Programme Outline
An exploration of the mathematical, psychological and scientific issues surrounding the advent of 1 January 2000. The programme speculates on whether the date marks the dawn of a new epoch or whether it is just another date on the calendar.
00.30 — 05.30
Introduction. The run-up to the year 2000. From superstition to science, and the idea of a ‘technological armageddon’. Apocalyptic cults, the Millennium Dome, and a ‘digital Utopia’.
05.30 — 17.55
The history of the calendar, and the calendar as a communication system. The inaccuracies of the lunar calendar. The River Nile: a clue to the invention of the solar calendar. Multi-calendar societies. Caesar as a great reformer of the calendar used in the Roman Empire.

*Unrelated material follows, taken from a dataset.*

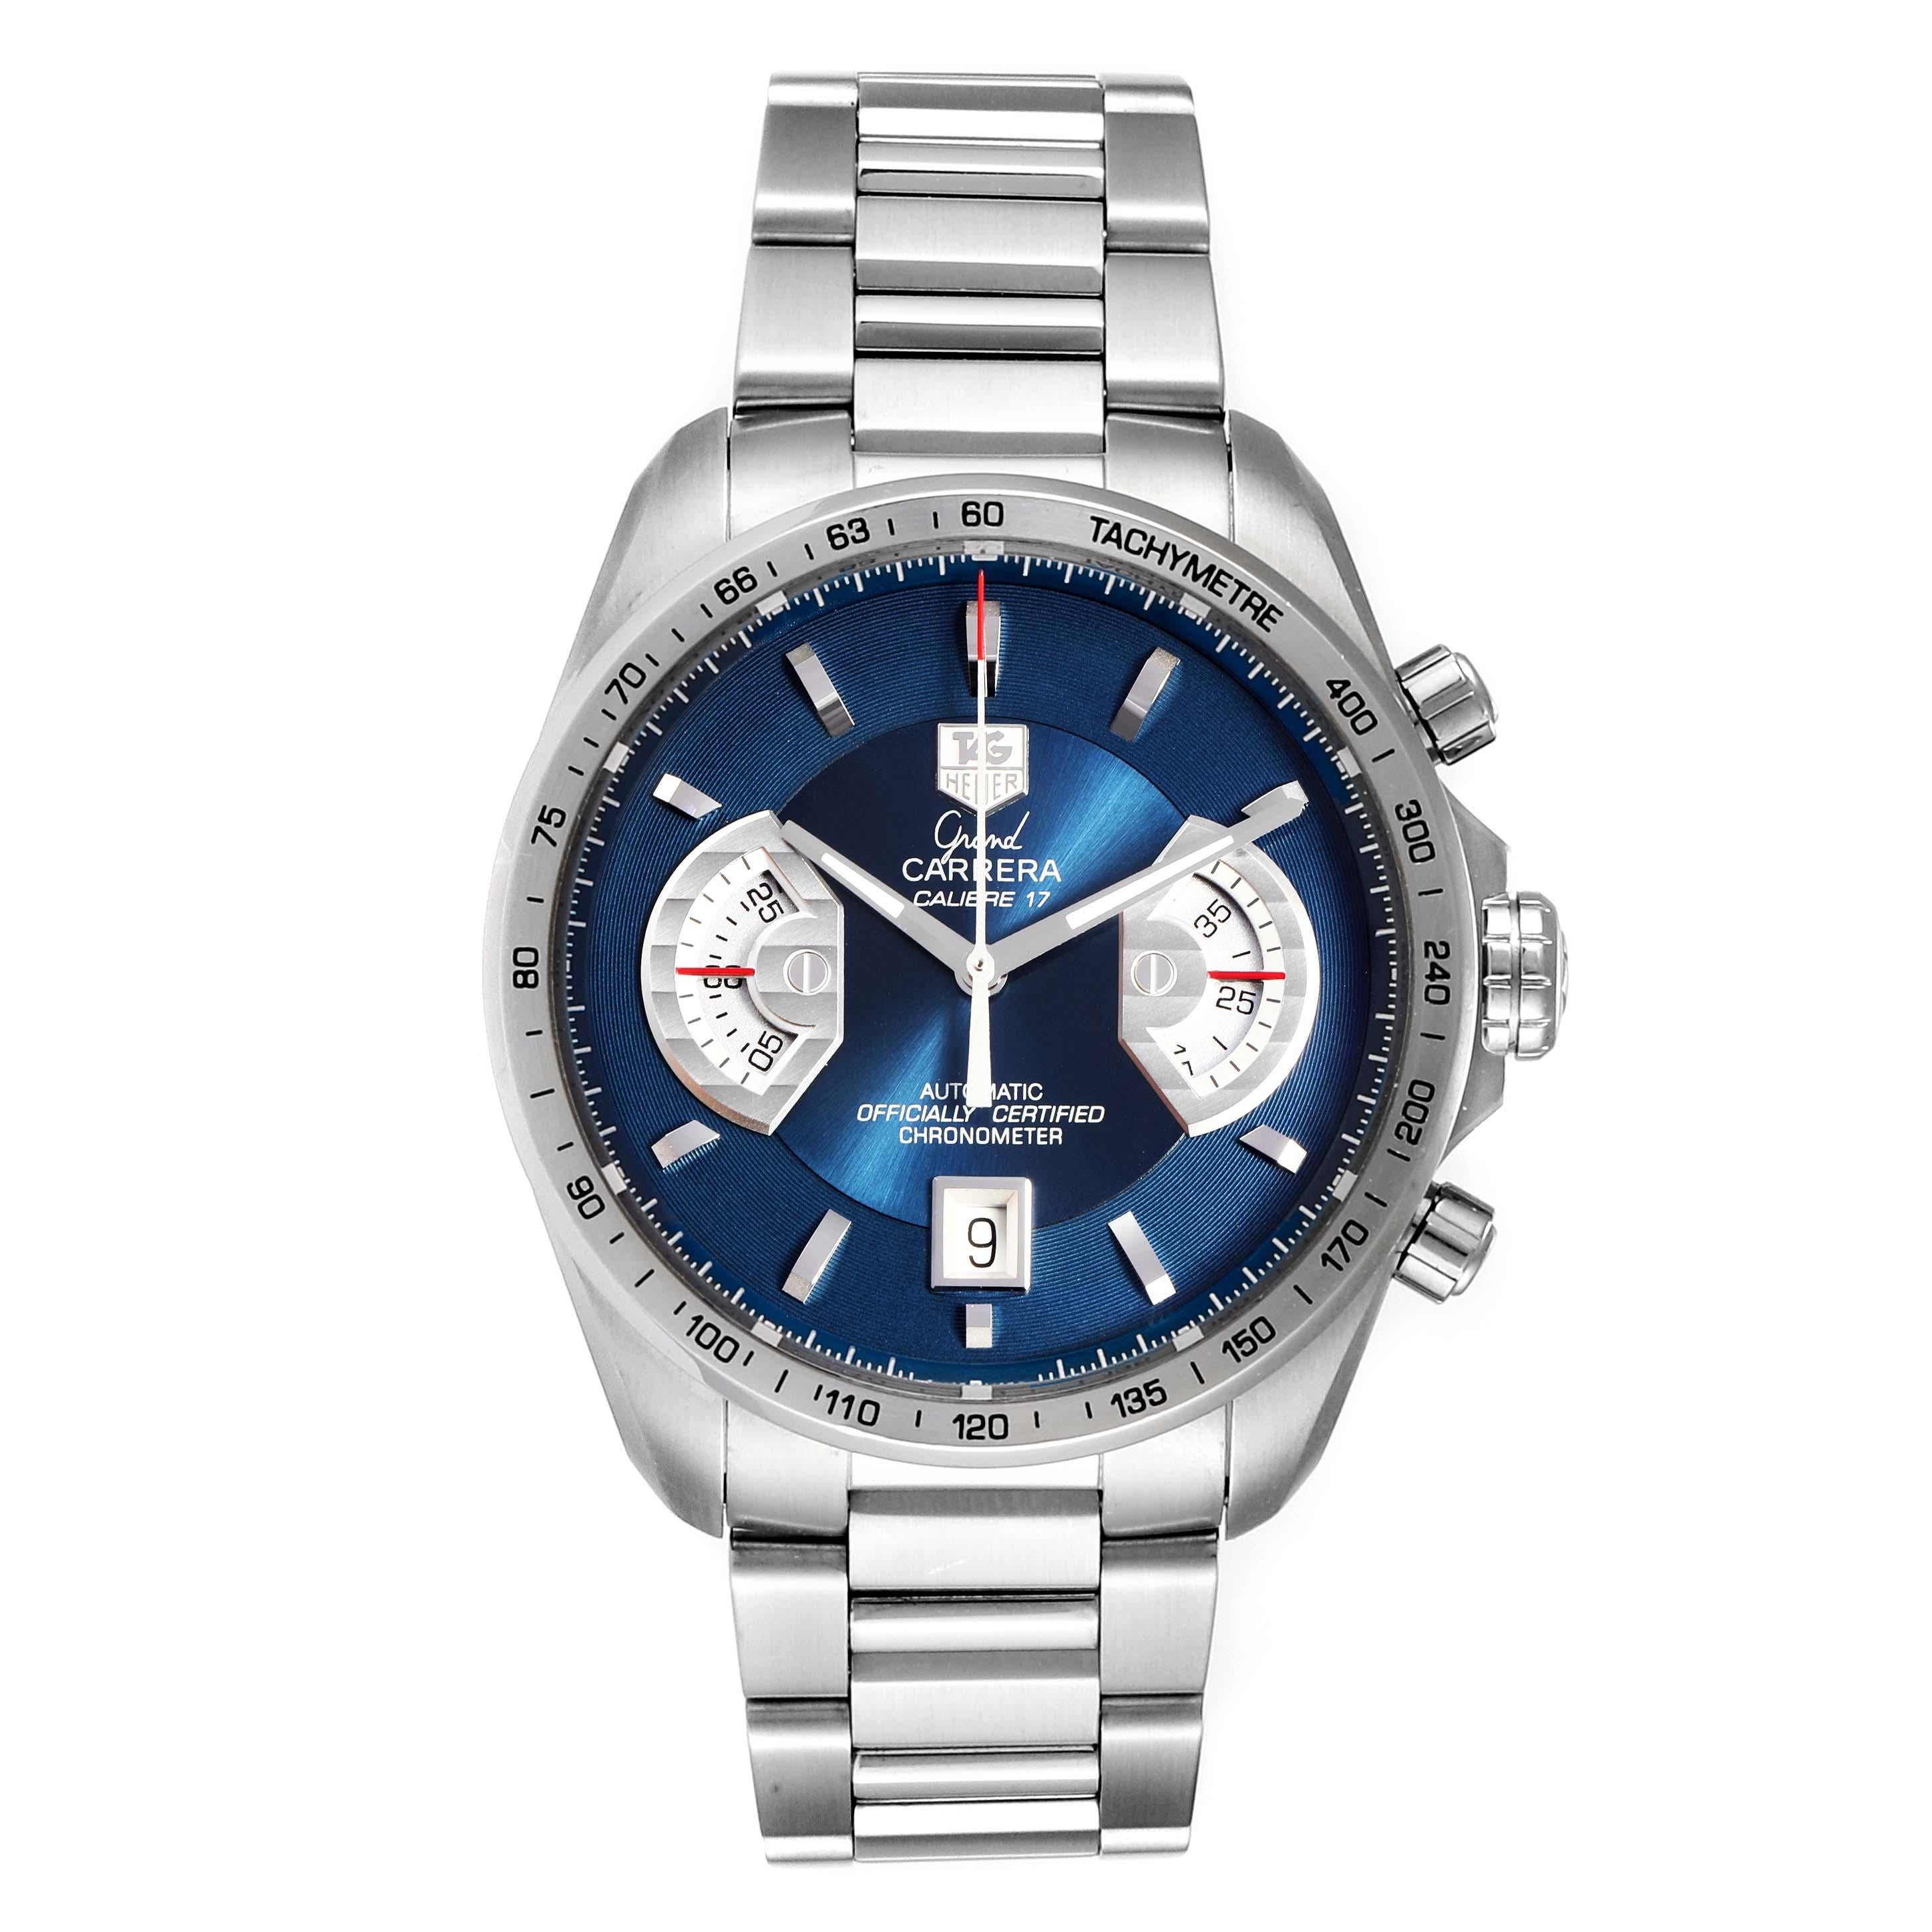 Tag Heuer Grand Carrera Blue Dial Limited Edition Watch CAV511F Box Card. Automatic self-winding movement. Stainless steel case 43.0 mm. Transperent sapphire crystal back. Stainless steel bezel with tachymeter scale. Scratch resistant sapphire
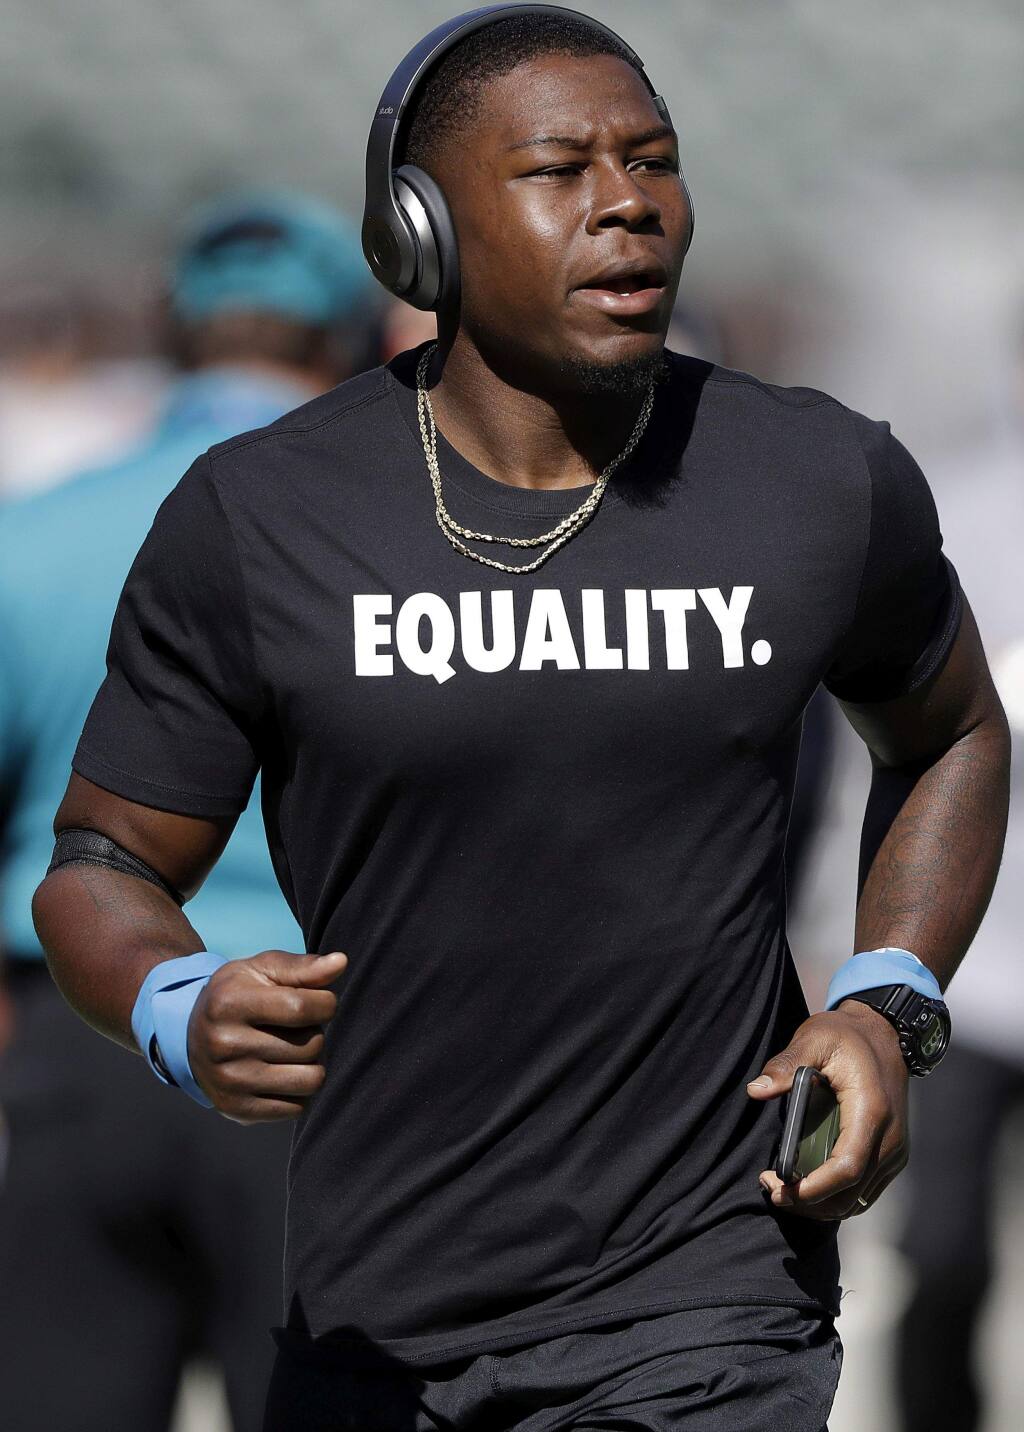 Oakland Raiders cornerback T.J. Carrie wears an Equality shirt while warming up before an NFL football game against the Baltimore Ravens in Oakland, Calif., Sunday, Oct. 8, 2017. (AP Photo/Marcio Jose Sanchez)

Leap years and variable-length months. Great emperors steal days from February to add to July and August!
17.55 — 23.45
The ancient use of tables to calculate the date of Easter. The birth of Christ set as AD 1, and evidence of a miscalculation of the exact date by as much as four years.
23.45 — 28.40
The thousand-year cycle. A comparison of events in AD 1000 and AD 2000. Millennia and religious conversions. The ‘Rapture’ when the converted are taken from the Earth. The potential for chaos in a ‘post-Rapture’ world.
28.40 — 31.30
The introduction of the Gregorian calendar in 1582 in much of Europe, but not until 1752 in England.
31.30 — 35.50
The Royal Greenwich Observatory and the National Physical Laboratory at Teddington. The move from planetary cycles to atomic cycles for timekeeping, and the idea of leap seconds.
35.50 — 42.15
The psychology of zeros — signs, cults and mass suicides. The web as the medium of choice for apocalyptic figures. Premillennial tension.
42.15 — end
Date-related computer bugs and their potential consequences. The millennium as the biggest event of our imaginations!